|Broiler fryer chicken||2 1⁄2 Pound|
|Water||2 Cup (32 tbs)|
|Onions||2 Large, chopped to make 2 cups|
|Garlic clove||1 Large, crushed|
|Butter/Margarine||1⁄4 Cup (4 tbs) (1/2 Stick)|
|Cooked ham||1 Pound, cubed|
|Canned tomatoes||1 3⁄4 Pound (1 Can Of 1 Pound, 12 Ounces)|
|Green pepper||1 Large, halved, seeded, and chopped|
|Thyme leaf||1⁄2 Teaspoon, crumbled|
|Uncooked regular rice||1 Cup (16 tbs)|
1 In a large kettle or dutch oven,place the chicken.Add water, salt, pepper, and bay leaf; bring to boil; reduce heat and cover.
2 Simmer for 45 minutes, or until the chicken is tender; remove chicken from the broth. When cool enough to handle, remove meat from the bones and cut into cubes; set aside.
3 Into a 2-cup measure, pour the broth: remove bay leaf.

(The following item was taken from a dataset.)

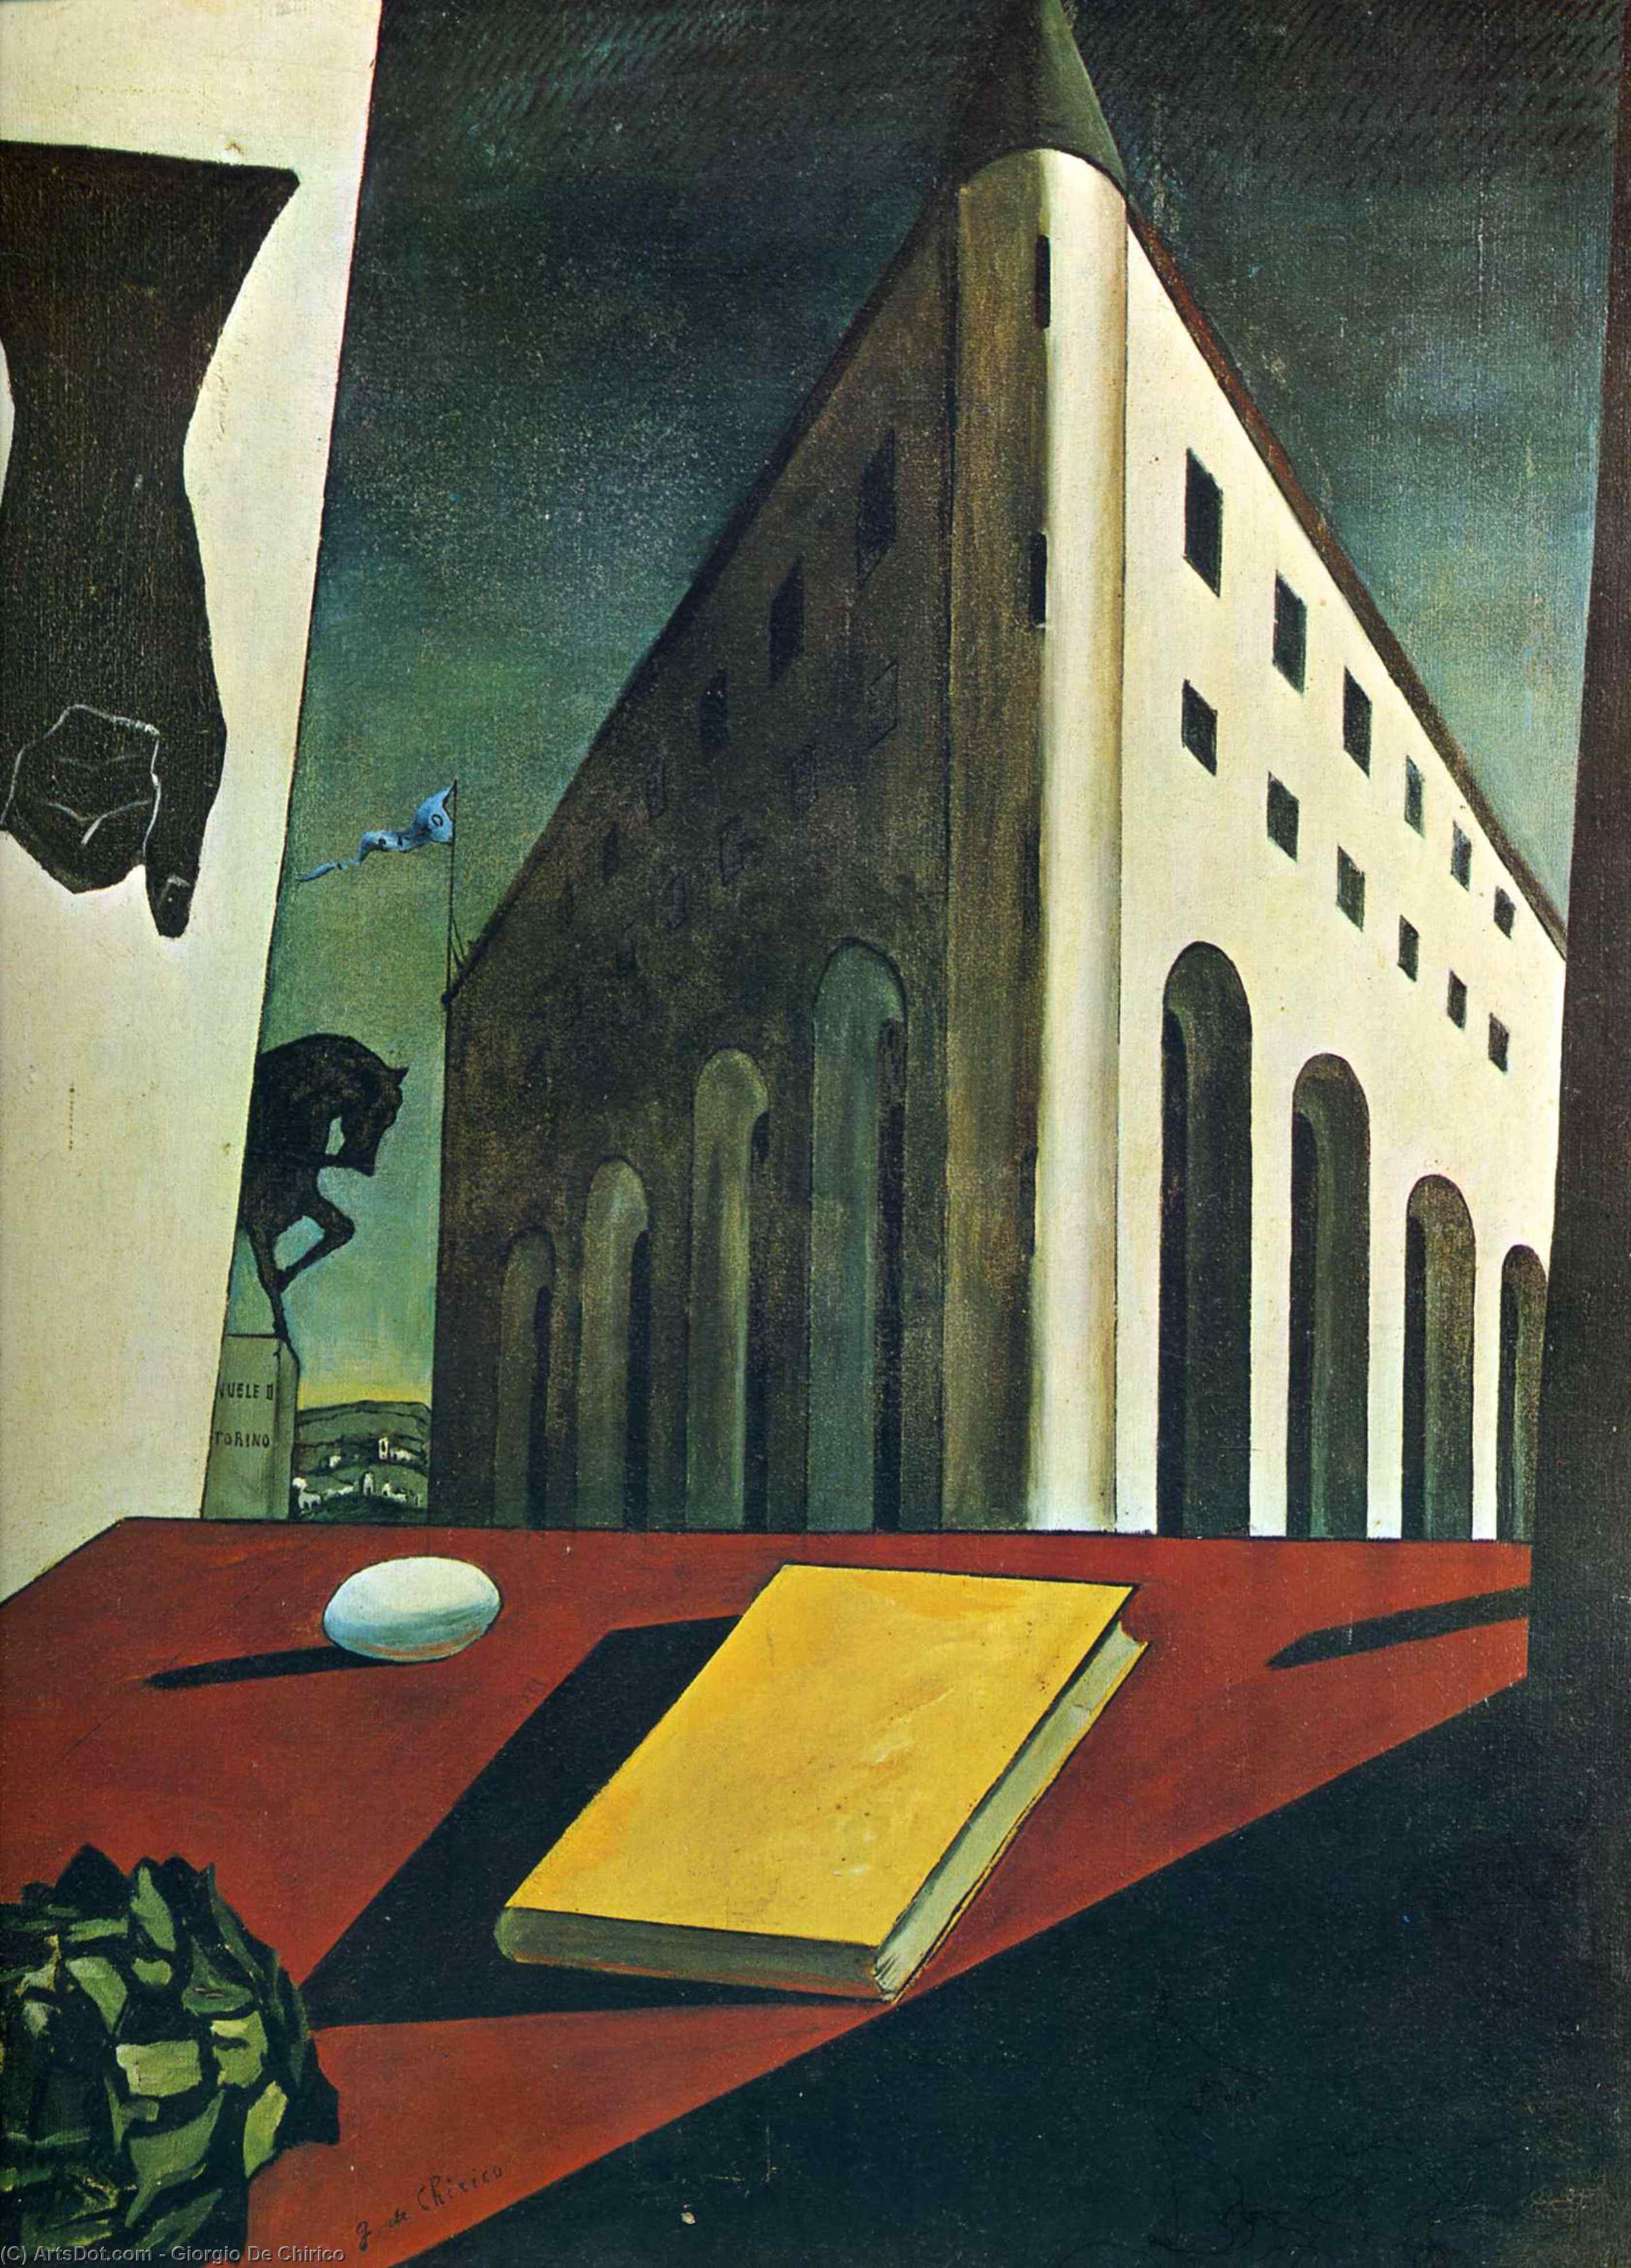 Wikioo.org – L'Enciclopedia delle Belle Arti - Pittura, Opere di Giorgio De Chirico - Torino Primavera

Add water, if necessary, to make 2 cups; reserve.
4 In the same kettle,saute onions and garlic in butter or margarine until soft.Add ham, tomatoes, green pepper, thyme, cayenne, and reserved chicken and broth. Heat to boiling; stir in rice; reduce heat and cover. Simmer, following the rice label for cooking.
5 Serve in large bowls.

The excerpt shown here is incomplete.